A cascade effect is an inevitable and sometimes unforeseen chain of events due to an act affecting a system. If there is a possibility that the cascade effect will have a negative impact on the system, it is possible to analyze the effects with a consequence / impact analysis. Cascade effects are commonly visualised in tree structures, also called event trees.

In aeronautics
Cascade effects seen in the perspective of space travelling are theoretical possibilities that "space junk" or a satellite destroyed by a meteor will send debris throughout the orbits of most telecommunication satellites destroying them in the process and subsequently sending that debris into all possible orbits, destroying everything in orbit around the Earth, known as the Kessler syndrome. It is theorized that if this occurs, space flight beyond Earth will become very difficult if not impossible.

In medicine

In biology, according to Mold and Stein, the term cascade refers to "a process that, once started, proceeds stepwise to its full, seemingly inevitable, conclusion". The main cause of a cascade of injury in medicine is by misdiagnosis and medical error.
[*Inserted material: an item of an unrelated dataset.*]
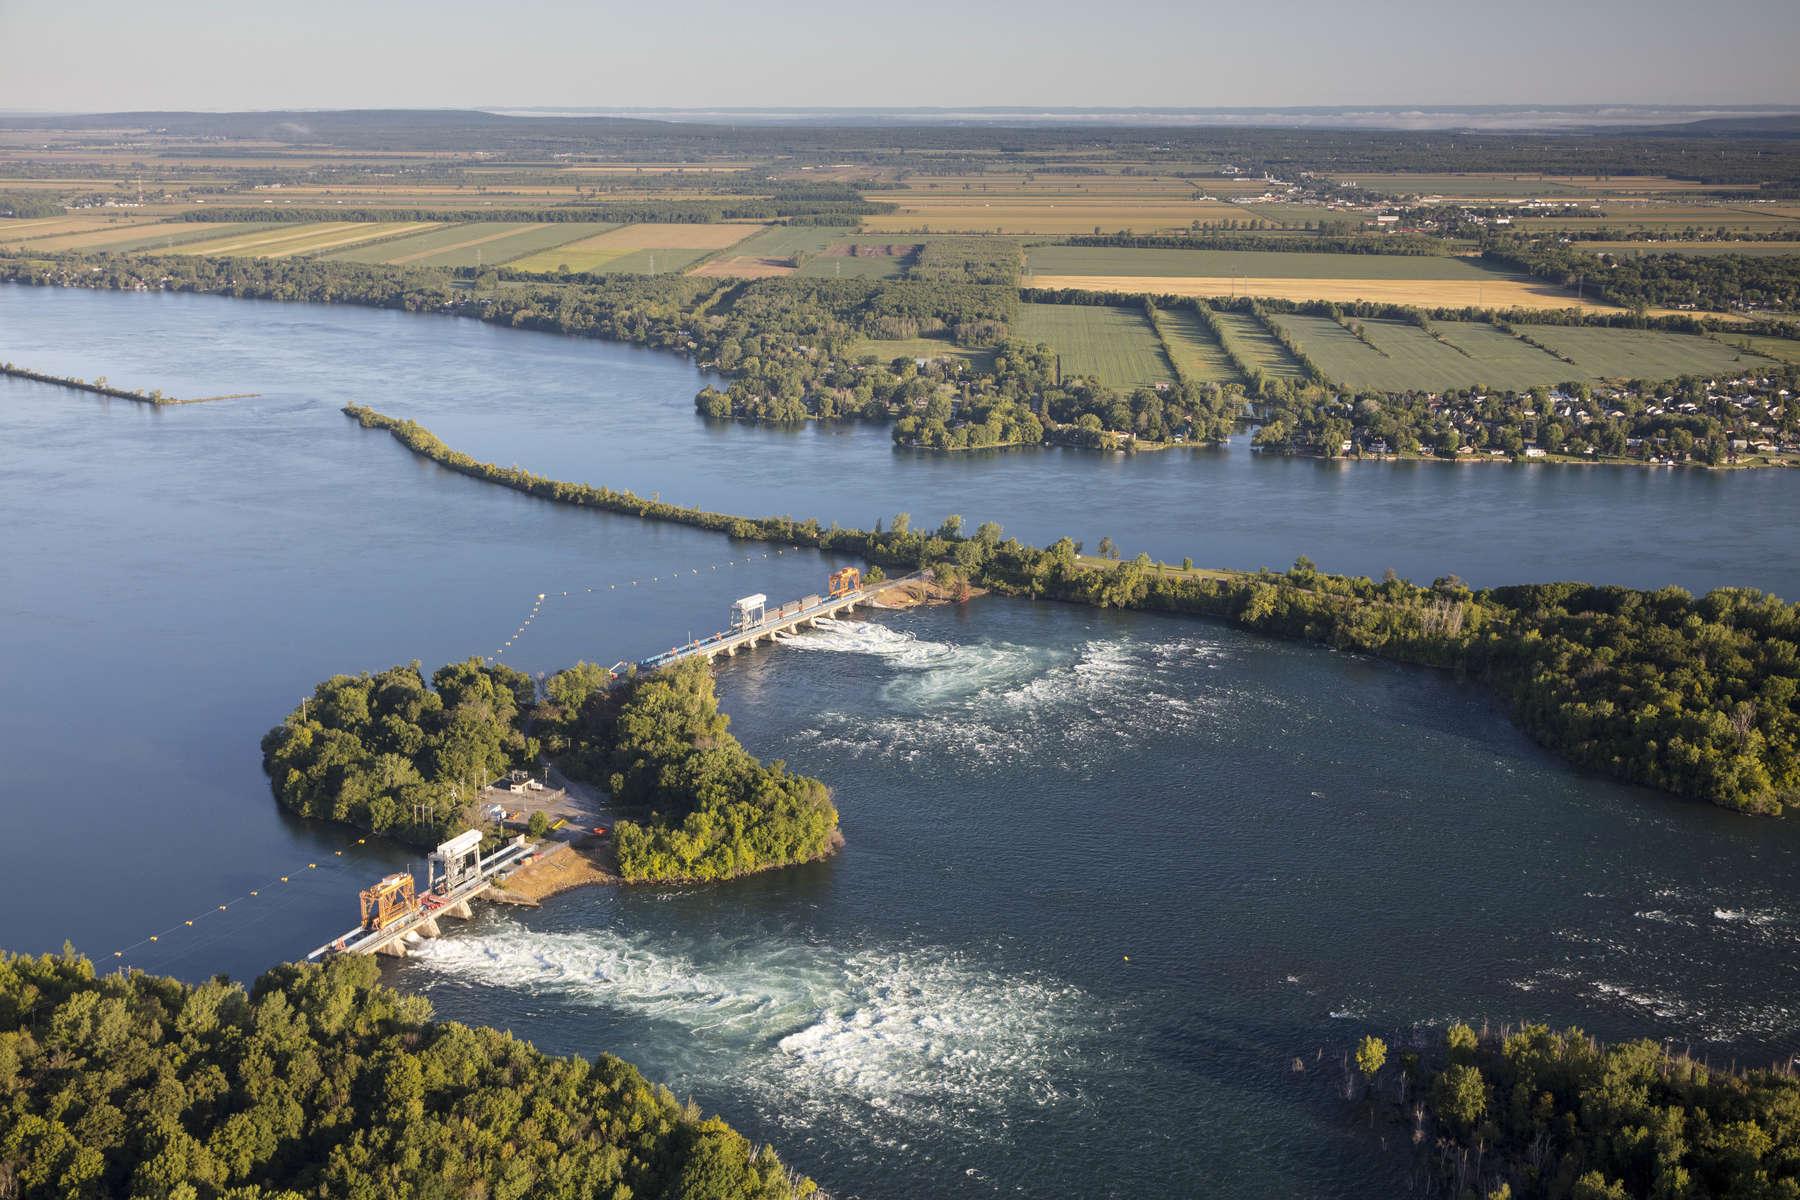 Hydro Quebec Juliet Dams
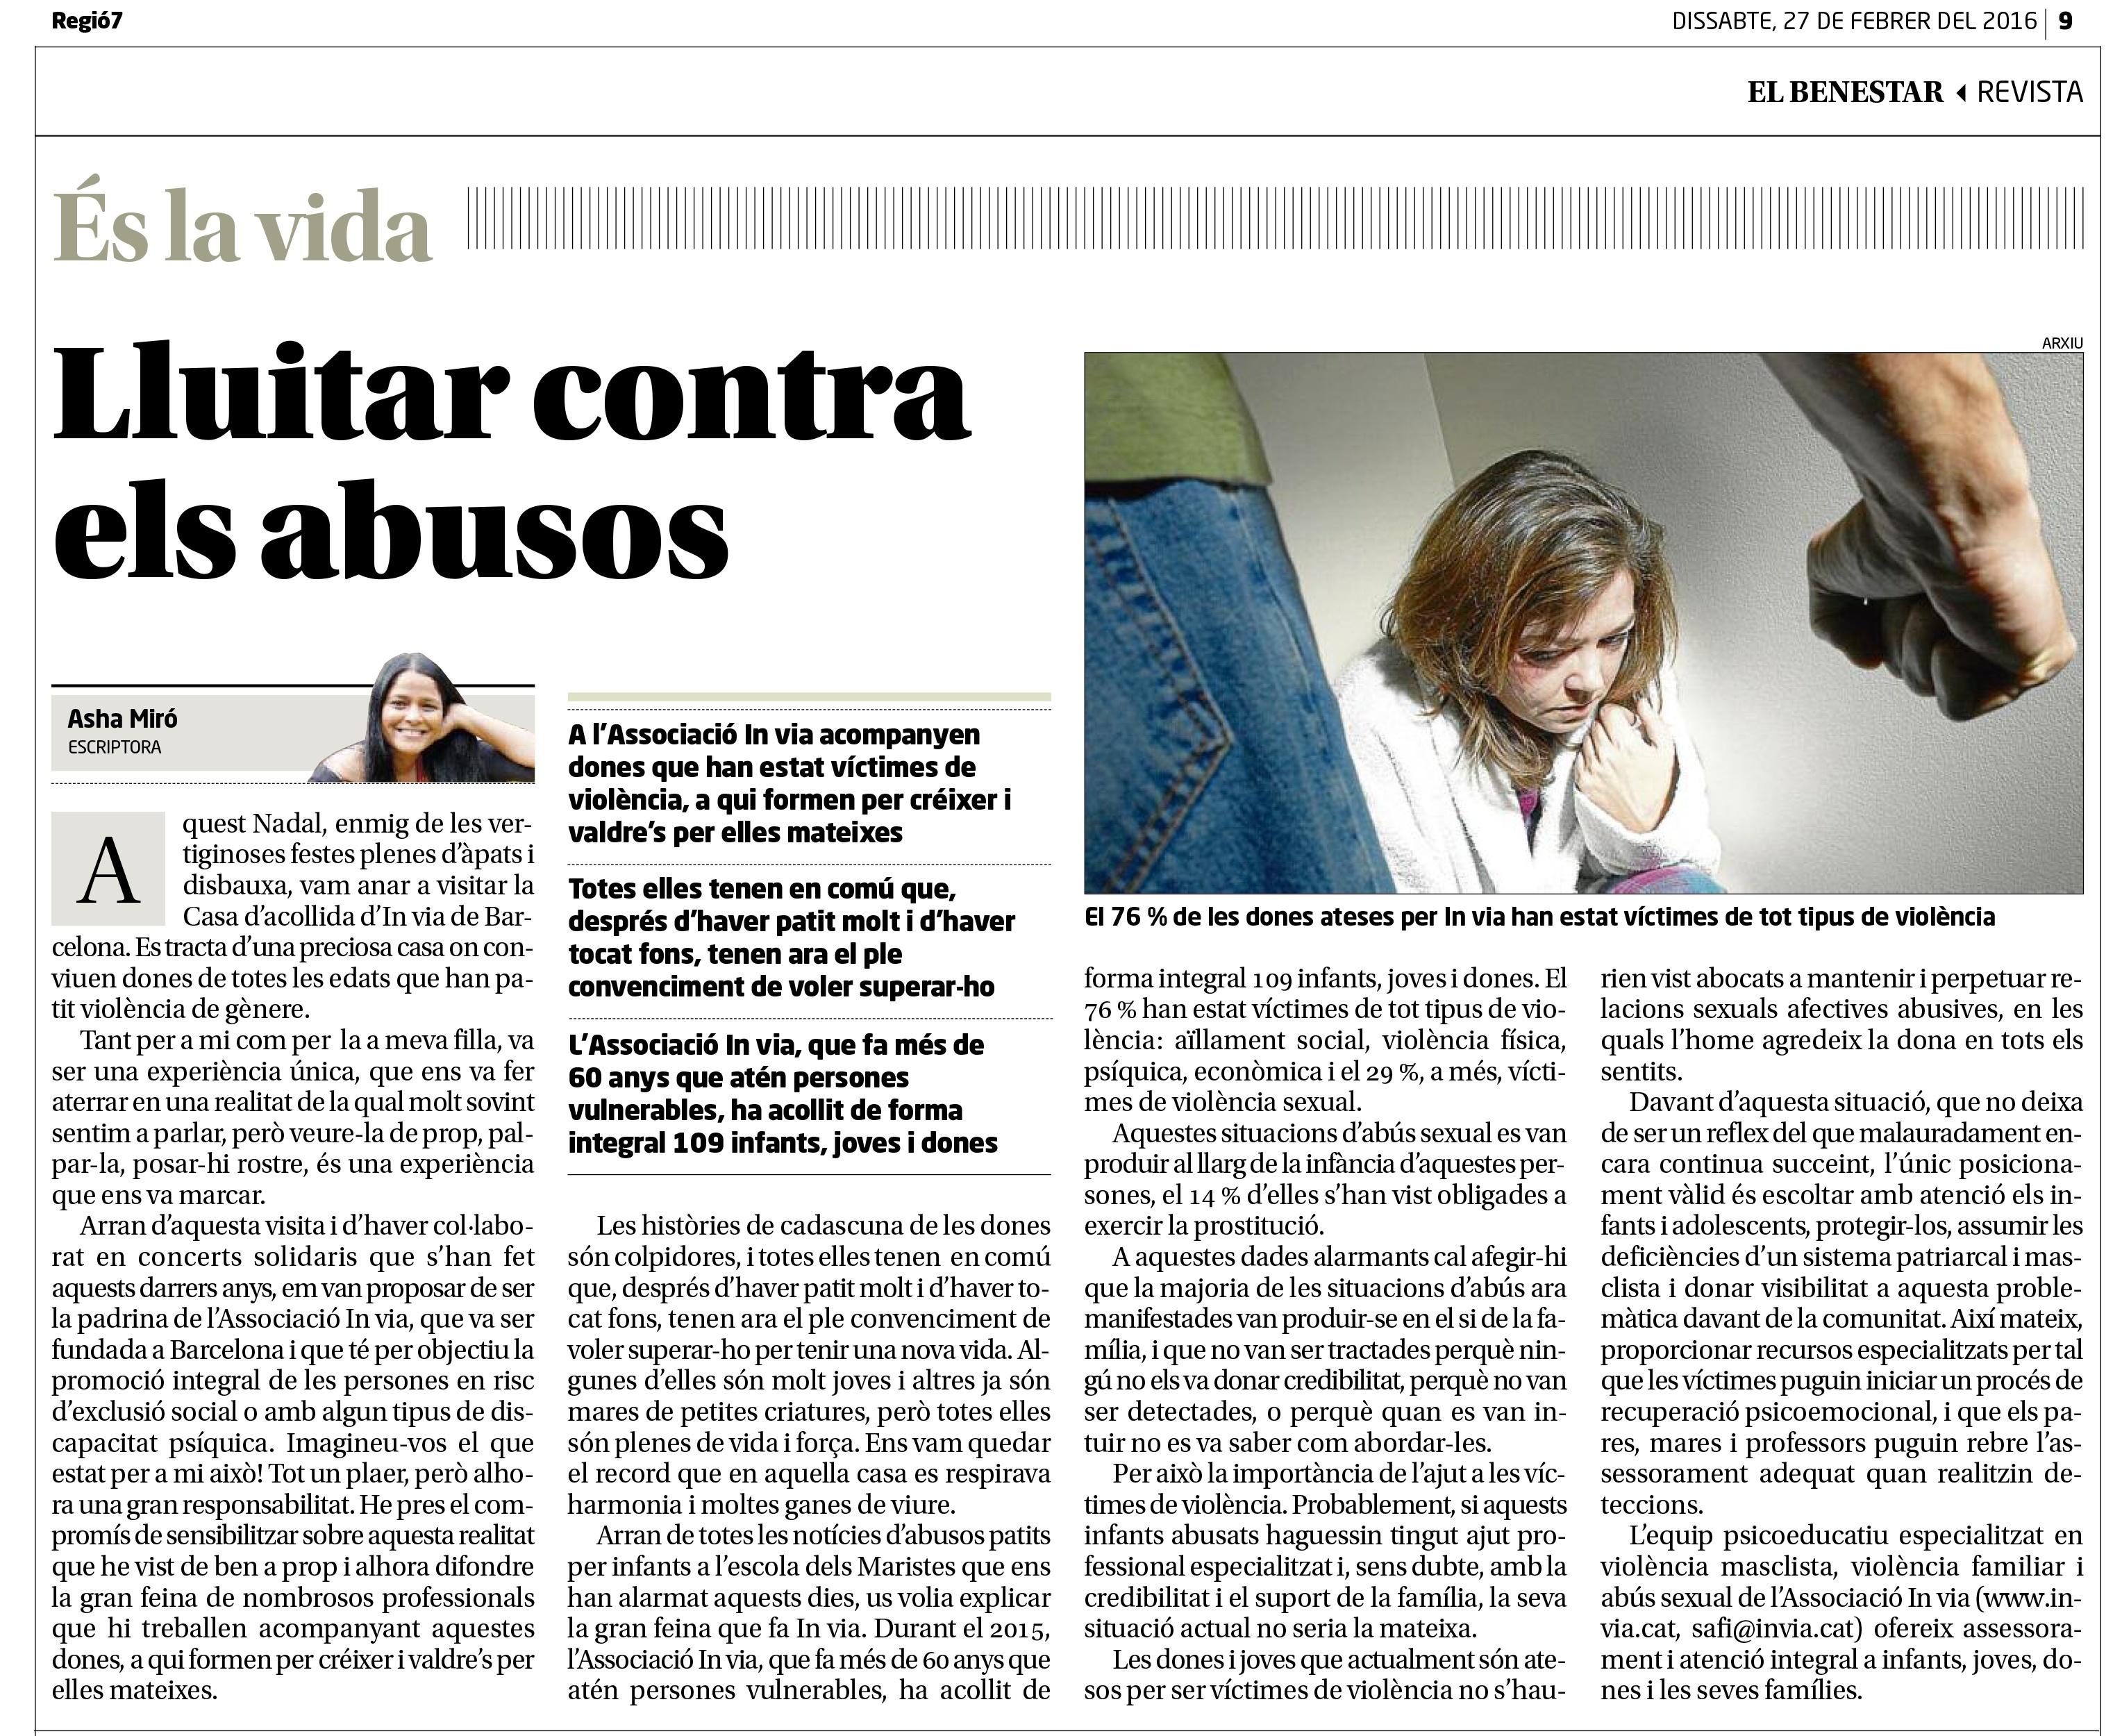 Lluitar contra els abusos

These result in iatrogenic injury and from medical error flows a cascade of effects and results often including pain, disability, loss of job, poverty and homelessness which obviously cause mental health problems and may cause death. In medicine, a cascade effect may also refer to a chain of events initiated by an unnecessary test, an unexpected result, or patient or physician anxiety, which results in ill-advised tests or treatments that may cause harm to patients as the results are pursued.  An example would be ordering a full body CT scan without a clear reason, finding an incidentaloma and undergoing a debilitating surgery to remove it, despite the fact that the condition was asymptomatic and possibly benign.

In ecology
There is also an ecological definition of cascade effects, in which the death of one key species in an ecosystem triggers the extinction of other species.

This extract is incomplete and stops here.